▶ **Extracted entries**

-- -- --

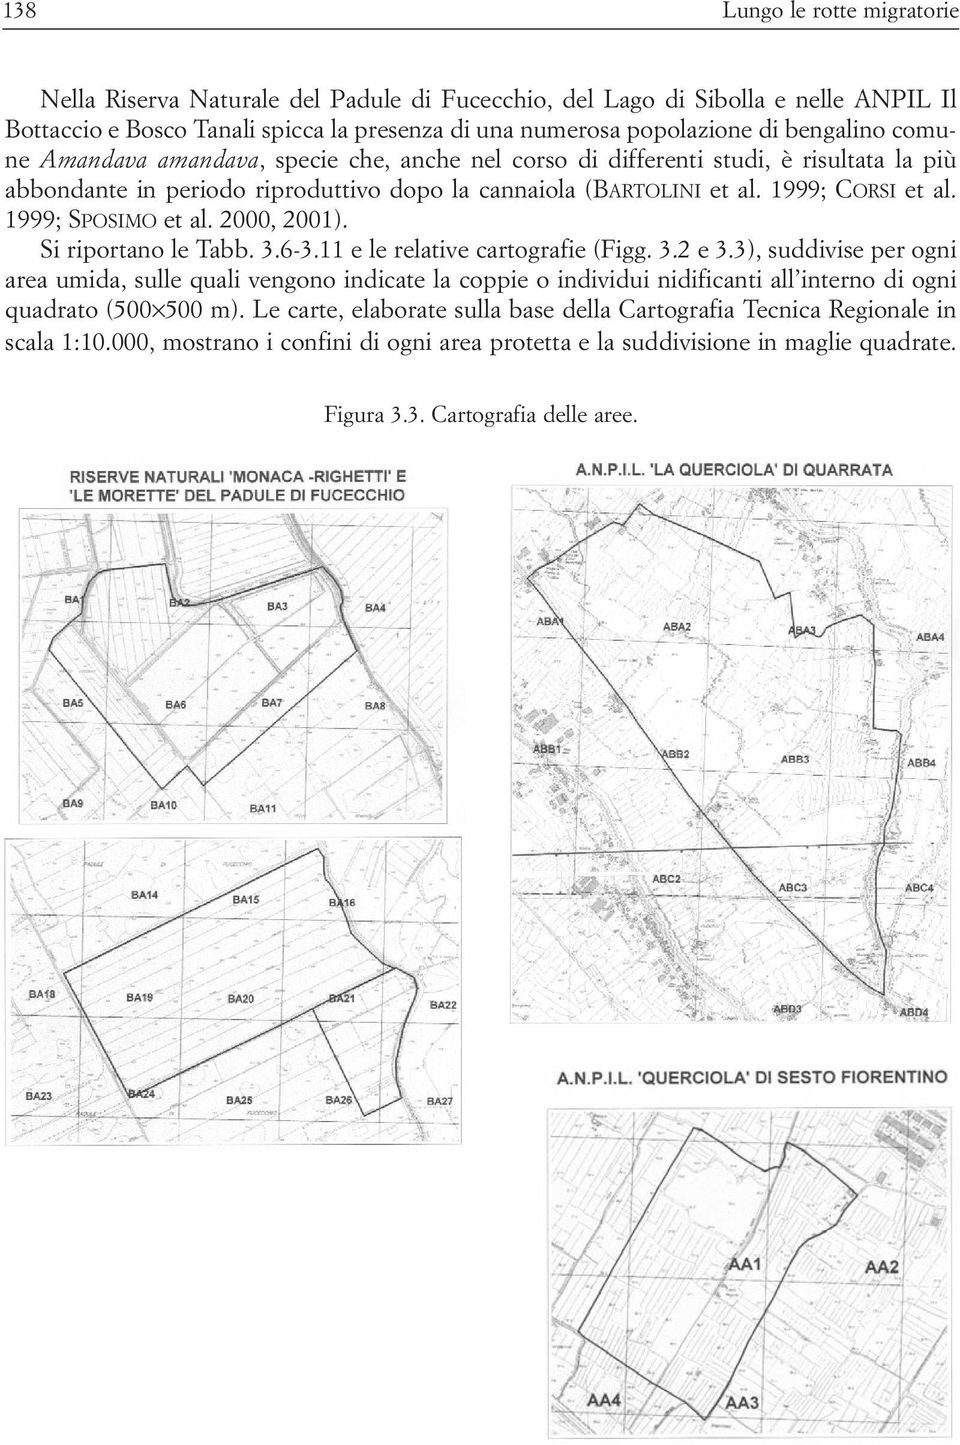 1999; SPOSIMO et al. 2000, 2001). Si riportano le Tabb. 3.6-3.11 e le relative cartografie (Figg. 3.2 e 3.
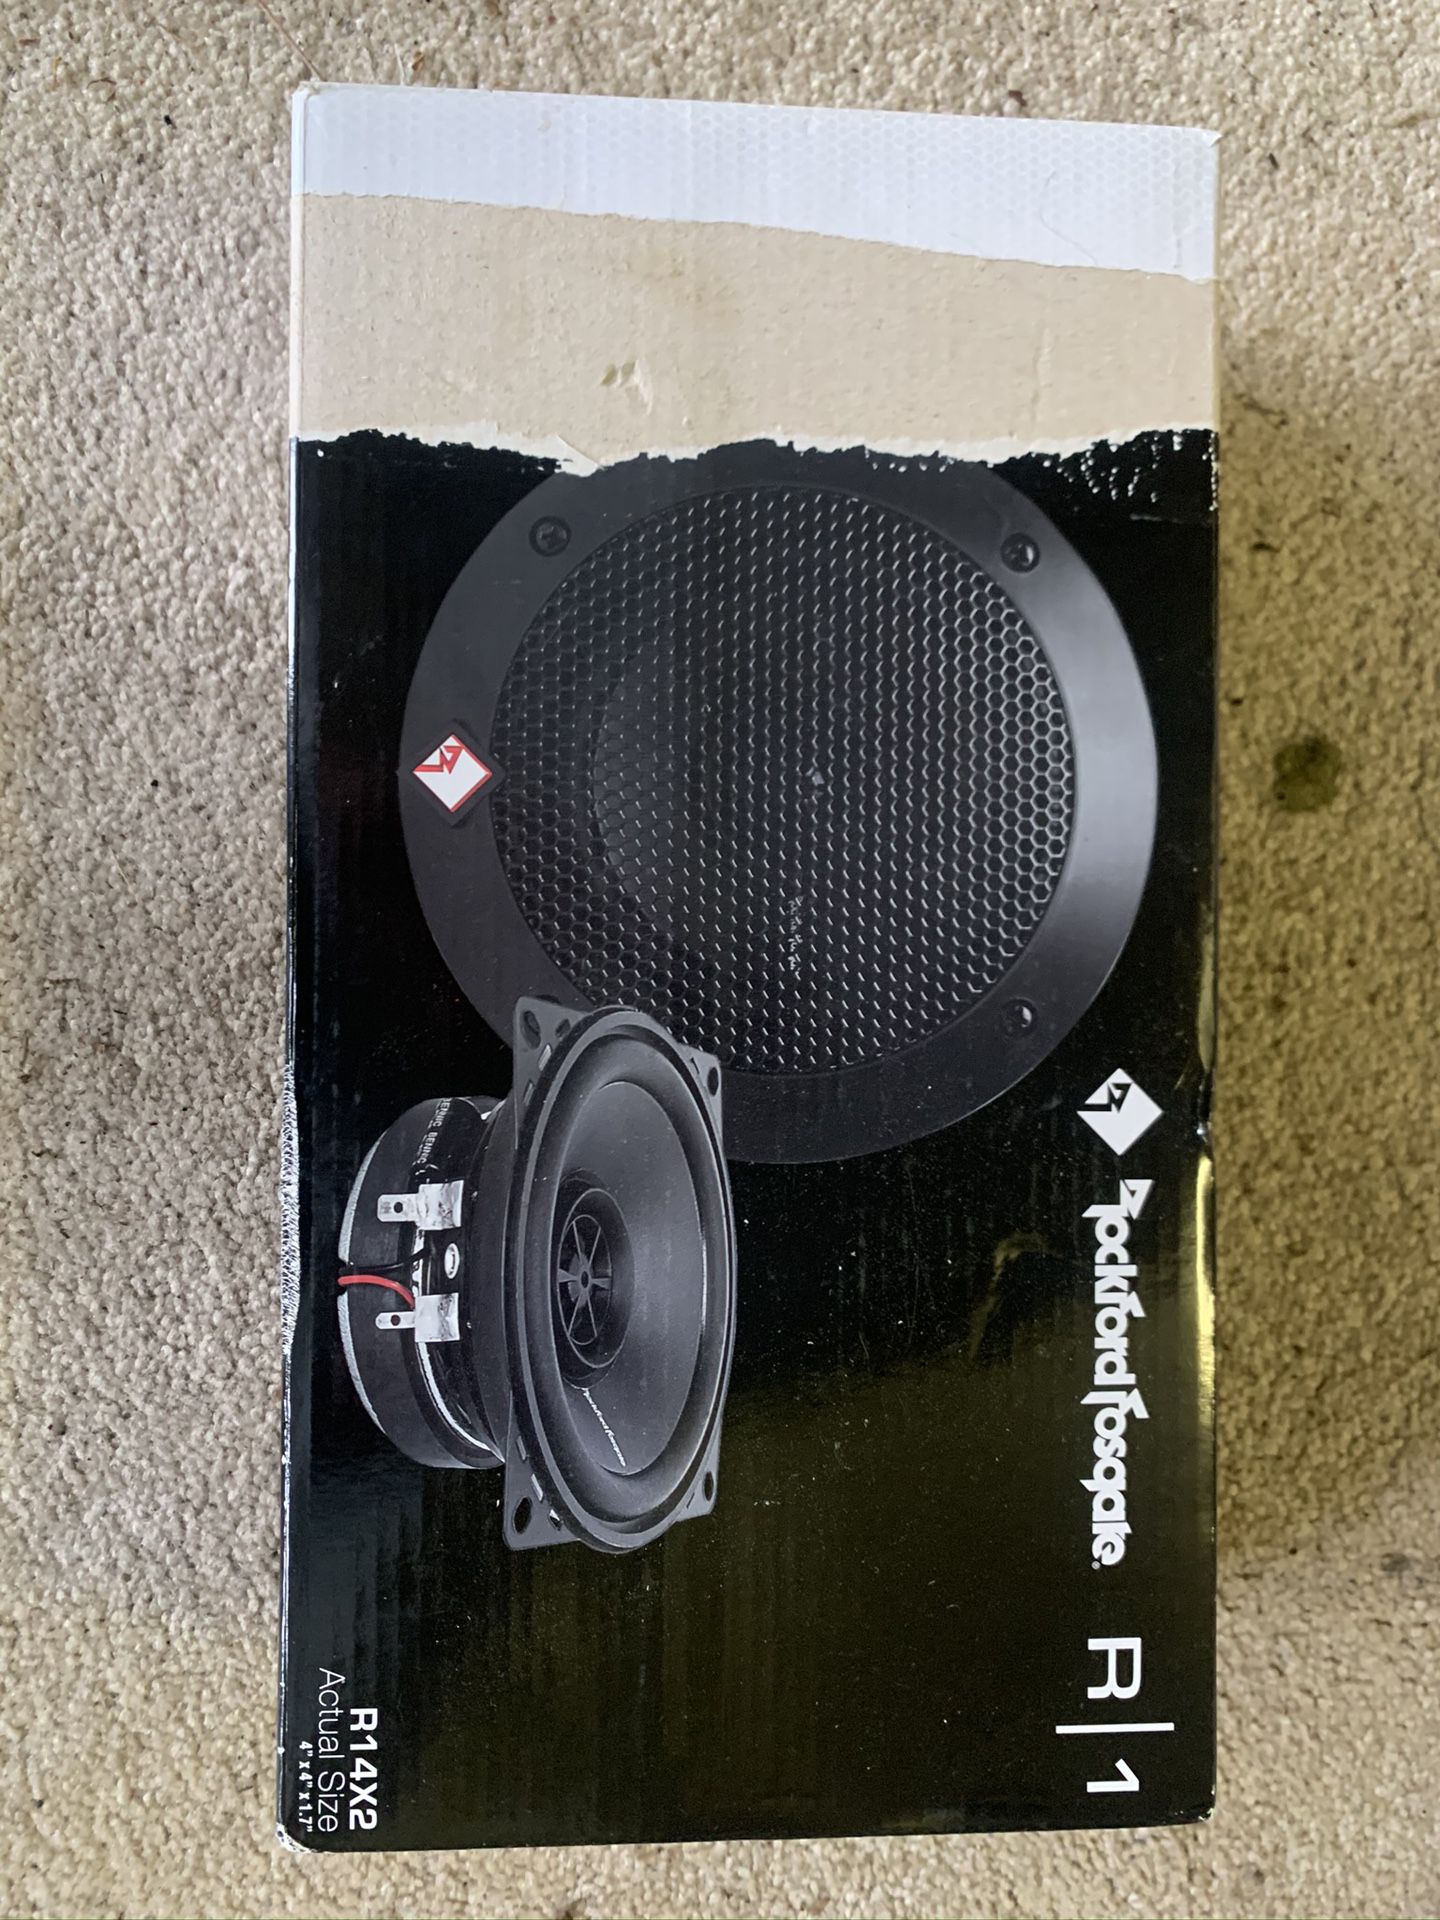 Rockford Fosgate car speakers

-- -- --

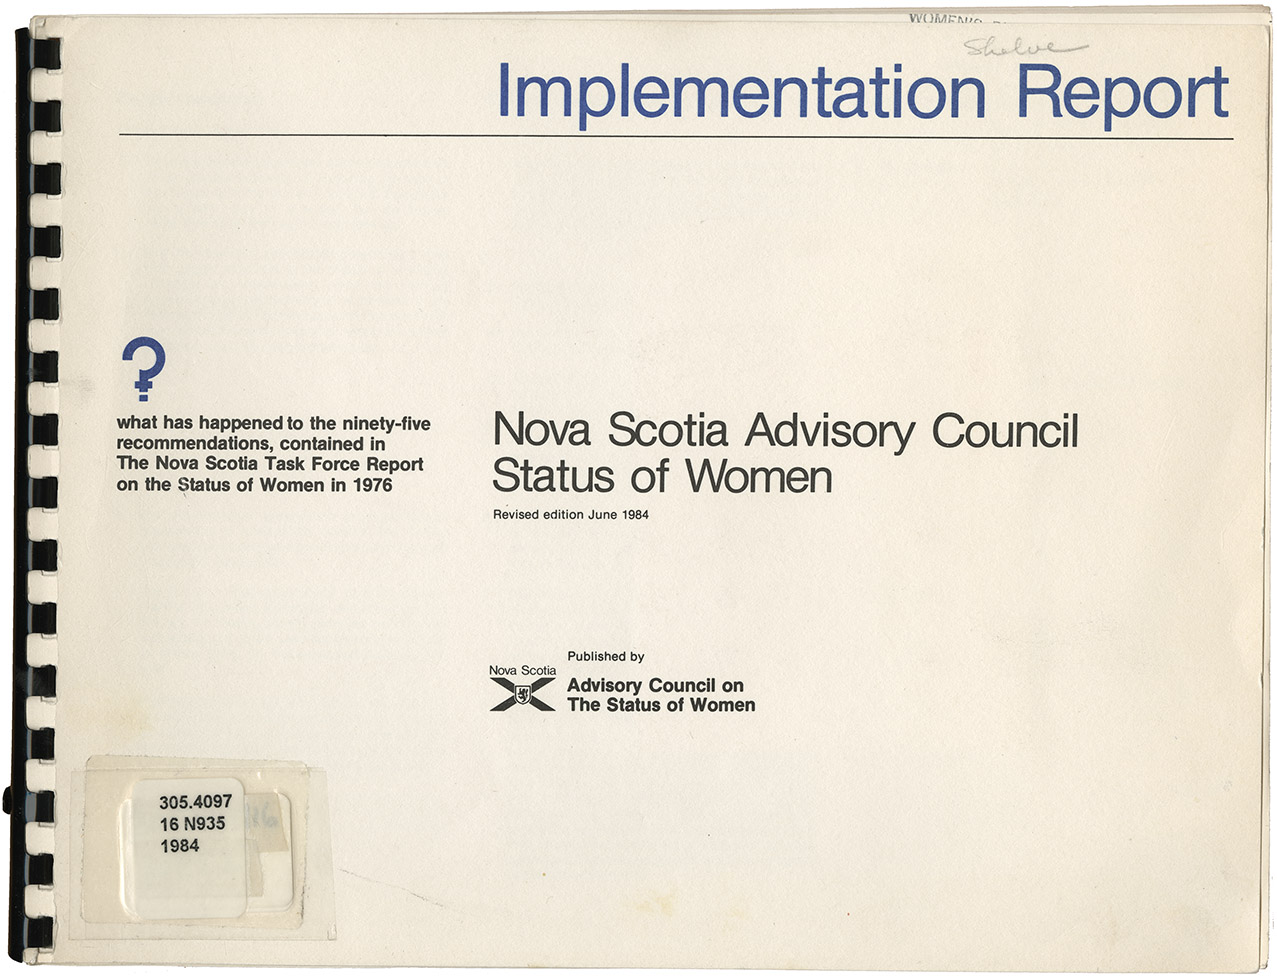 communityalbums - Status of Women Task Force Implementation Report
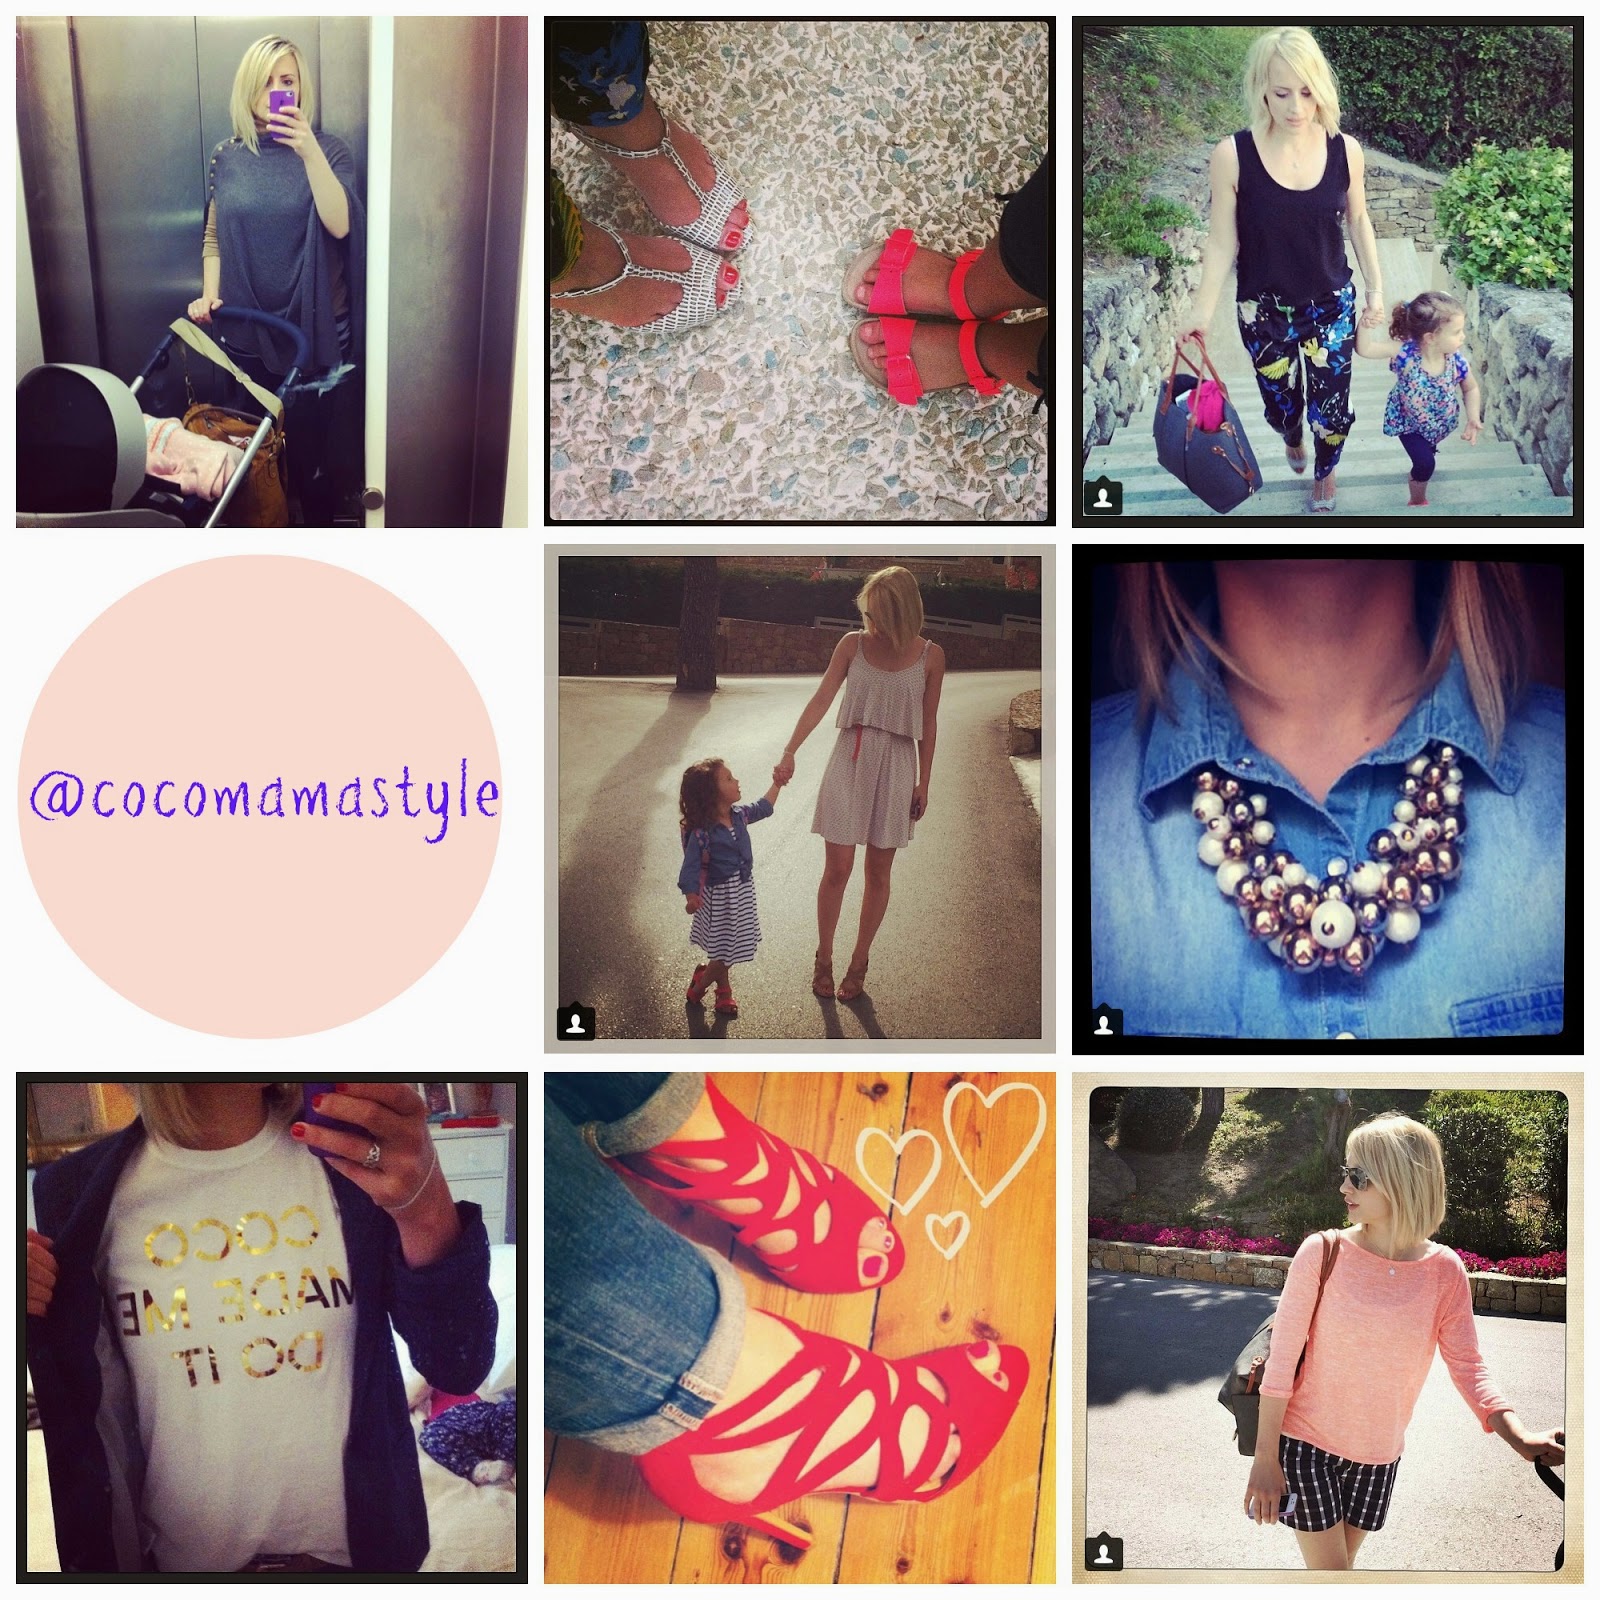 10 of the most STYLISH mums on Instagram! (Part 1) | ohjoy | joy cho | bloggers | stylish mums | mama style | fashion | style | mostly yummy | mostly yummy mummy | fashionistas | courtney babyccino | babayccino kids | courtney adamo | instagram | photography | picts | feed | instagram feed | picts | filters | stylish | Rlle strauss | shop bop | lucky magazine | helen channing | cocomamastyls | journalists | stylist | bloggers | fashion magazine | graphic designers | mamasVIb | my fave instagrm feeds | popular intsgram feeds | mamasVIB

-- -- --

▶ **Task objective**
Nothing but the lines from the one containing "communityalbums - Status" through the one containing "10 of the most" should appear, copied exactly from the material above and without pictures.

▶ **Task solution**
 communityalbums - Status of Women Task Force Implementation Report
 10 of the most STYLISH mums on Instagram! (Part 1) | ohjoy | joy cho | bloggers | stylish mums | mama style | fashion | style | mostly yummy | mostly yummy mummy | fashionistas | courtney babyccino | babayccino kids | courtney adamo | instagram | photography | picts | feed | instagram feed | picts | filters | stylish | Rlle strauss | shop bop | lucky magazine | helen channing | cocomamastyls | journalists | stylist | bloggers | fashion magazine | graphic designers | mamasVIb | my fave instagrm feeds | popular intsgram feeds | mamasVIB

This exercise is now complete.